In addressing these three areas, the home health industry will need to engage multiple stakeholders, including patients, caregivers, policymakers, and payers, the report states. Another essential strategy is going to be collecting the data to make a compelling argument to the necessary individuals and organizations, according to Tracey Moorhead, CEO and president of the Visiting Nurse Associations of America (VNAA) and an author of the report.

“I think that the most critical component of overcoming the current regulatory and administrative burden is effectively developing and communicating the evidence case for the value of home-based care,” Moorhead told HHCN. “It’s going to take real data, it’s going to require us to show that we have a cost savings opportunity in health care to help improve value, to get us that seat at the table we need in the deisgn of those health care delivery models.”

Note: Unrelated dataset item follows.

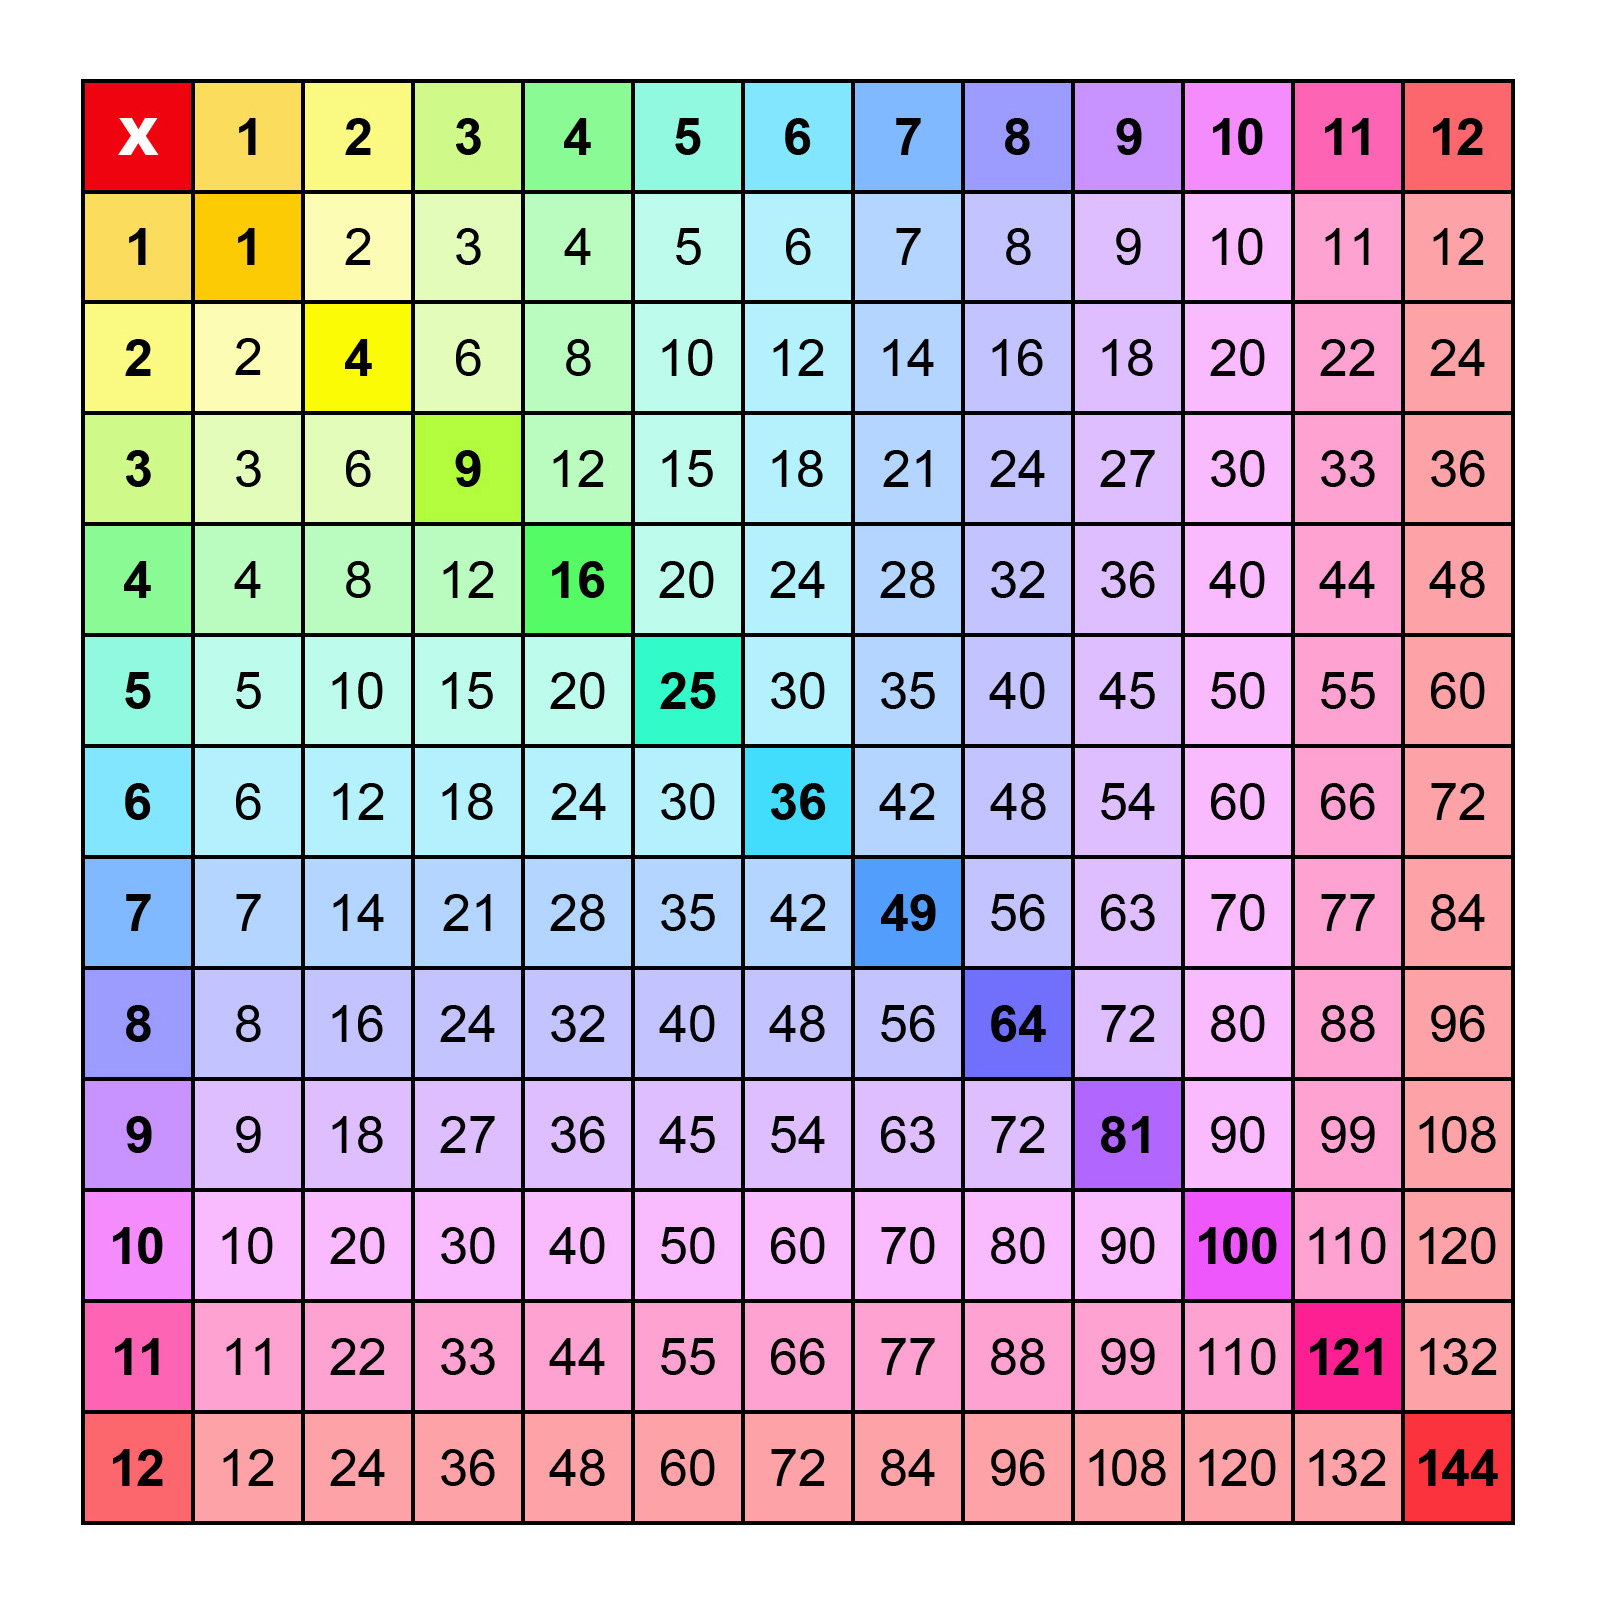 10 By 12 Multiplication Chart

One effort she singled out is AHHQI’s research into the value that home health contributes in episodes of care related to joint replacements.

“VNAA has also developed a database where we’re collecting data from many of our members, and we’ve developed a dashboard that demonstrates outcomes and impact,” she said. “We can track how our agencies are doing against a national average for specific conditions and populations, and this, too, is another component to that evidence-case for home-based care.”

The fact that CMS recently delayed the further rollout of pre-claim review is one reason to believe that policymakers indeed are receptive to the sort of evidence-based case that the home health industry can put together, Lee said.

The three areas foregrounded in the report are far from the only challenges facing home health agencies—for example, workforce issues also are top-of-mind for many providers, as the AHHQI paper also described. But while creating change across all these domains and creating the “home health agency of the future” may not be easy, the rewards of doing so could be profound—as the report concludes, “the pursuit of this transformation process has the potential to improve the way health care is delivered in America.”